MARKINGS ON A LONG JOURNEY WRITINGS OF JOHN J. TIMMERMAN; Rodney J . Mulder and John H. Timmerman, Editors; Baker Book House, Grand Rapids, Michigan: 300 pages, $9.95. Reviewed by John Vander Ploeg.
Timmerman’s excellence in style, his magnanimous spirit that shines through, his knowledgeable comments in the field of literature, and his healthy Christian piety and commitment—all this and more make the reading for the first time or the rereading of his writings, now compiled in this anthology, a truly delightful experience.
Dr. Timmerman, adopted son of CRC minister, Rev. John Timmerman, and his wife, after a long career in teaching, retired as Professor of English at Calvin College in 1975. During his thirty–year tenure at Calvin he was distinguished by a Fulbright Senior Lectureship in American Literature at the Free University in Amsterdam during the school year 1963–1964. He received his Ph. D. degree from Northwestern University in 1948. By way of an introductory tribute to Timmerman’s teaching, Calvin’s English professor, Dr. Richard R. Tiemersma states:
“But what is most to be regretted is that present and future students of Calvin College will not have the privilege of pursuing their education under the guidance and direction of a man who for thirty years exemplified the best that the teaching profession has to offer. For, as one of his former students wrote in 1975, Tim ‘made a difference.’”
We are indebted to John H. Timmerman and Rodney J . Mulder, son and son–in–law of Dr. Timmerman, for collecting and organizing the selections for this anthology. The topics for the articles cover a wide range: from big–league baseball to Sunday observance, from jogging to paying one’s income tax, from sermons to such Calvin College alumni authors as Peter De Vries and Fred Manfred, and from witty comments that bring forth a chuckle to serious observations that sound a warning.
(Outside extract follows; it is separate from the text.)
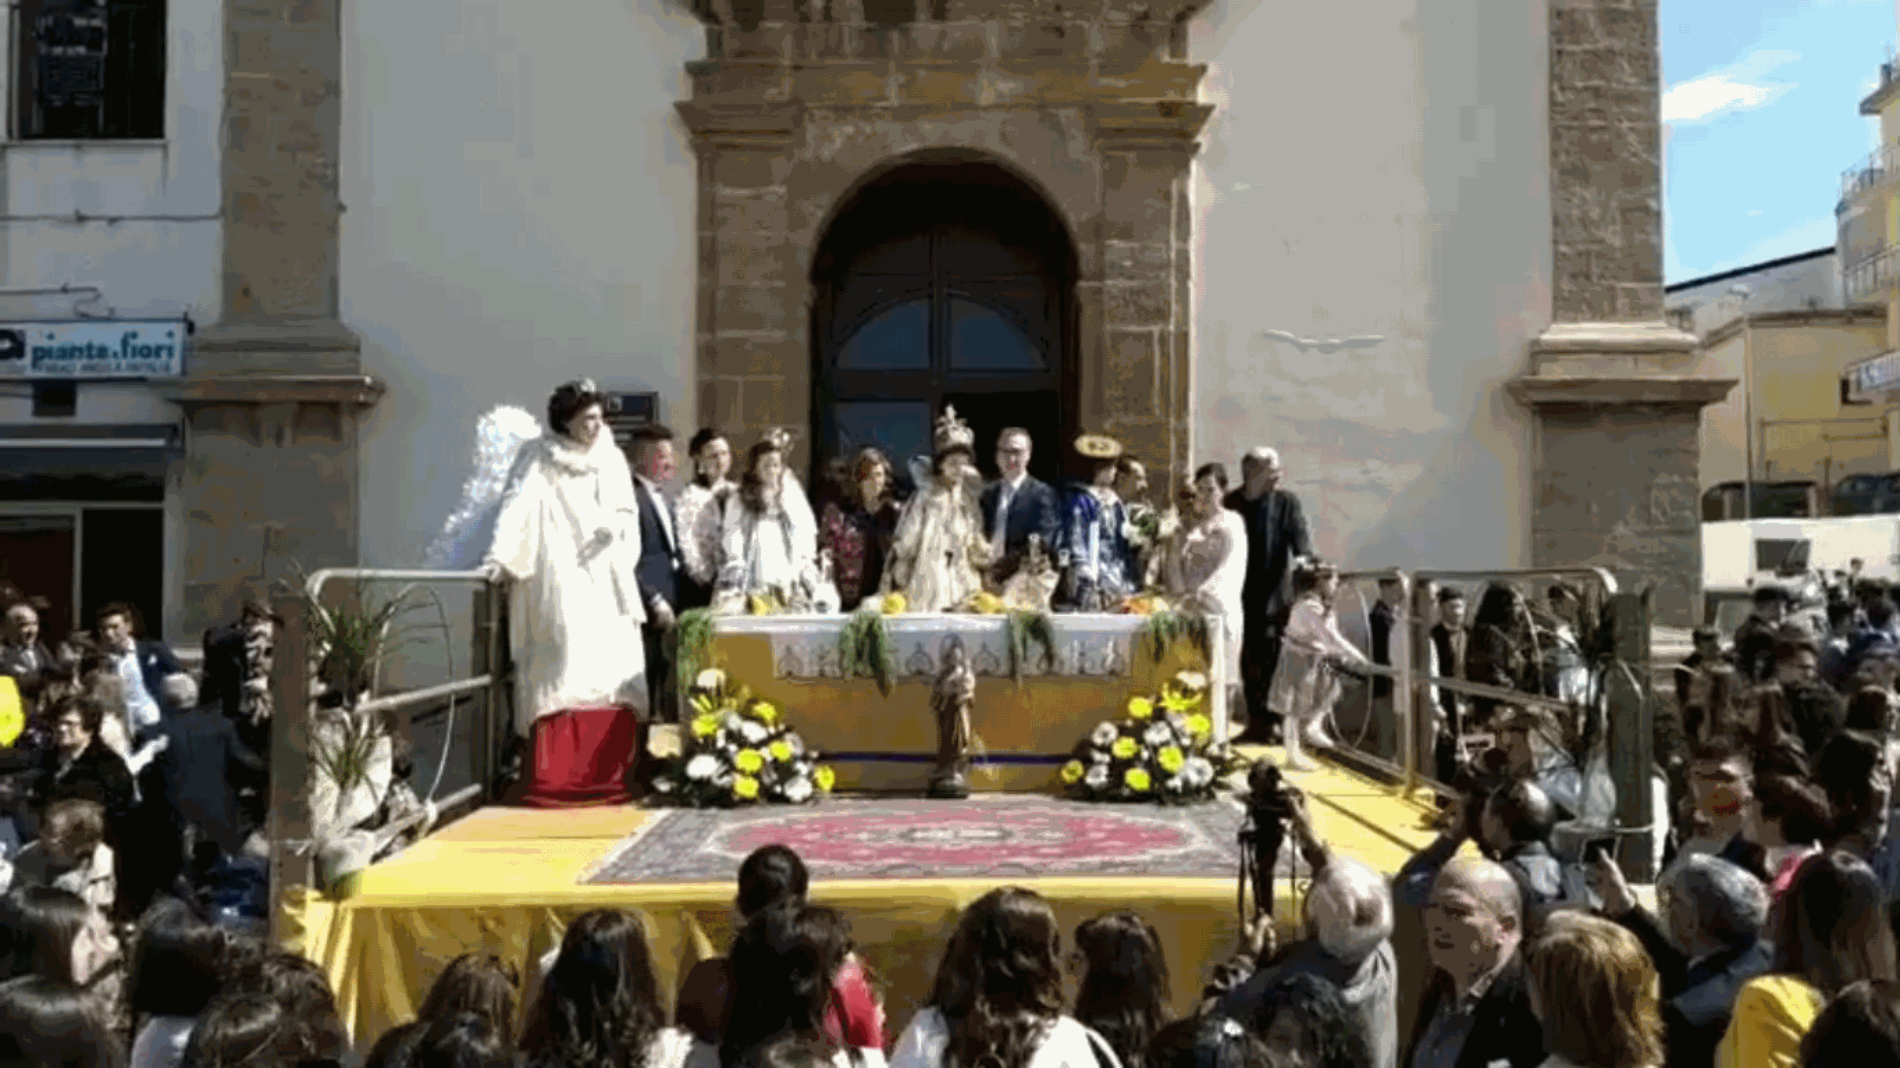 Barrafranca. [VIDEO] La Fuga in Egitto, la tavolata di San Giuseppe 2019

Outstanding in adding the spice of human interest are two articles about Alice and her household –a household legitimate and also illegitimate, black, shiftless, and happy–go-lucky –portraying graphi· cally and amusingly the problems such neighbors impose upon a caring family like the Timmermans who did not stop at going the second mile to help them. Another contribution of unusual interest is the informative article on the rise and fall of Grundy College.
The reader cannot fail to be impressed by Timmerman’s wide knowledge in the field of literature as well as to learn from it. His wholesome piety and also his disgust with much that appears in print is clear from a double-barrelled statement in his article on “The Man Behind the Pen”:
“One gets tired of being pushed around by formalist critics and their disciples. One gets bone-tired of having to admire works whose morality is utterly shoddy, whose religious orientation is impious, and whose reading of life is radically distorted. Why should one be forced to say such corrosive journeys into the repellent are great works of art because they are technically impressive? Art seems to me to become great finally in terms of spiritual and religious perspectives” (p. 275).
Markings on a Long Journey is one of those rare books which the reader enjoys throughout and is then sorry to have end.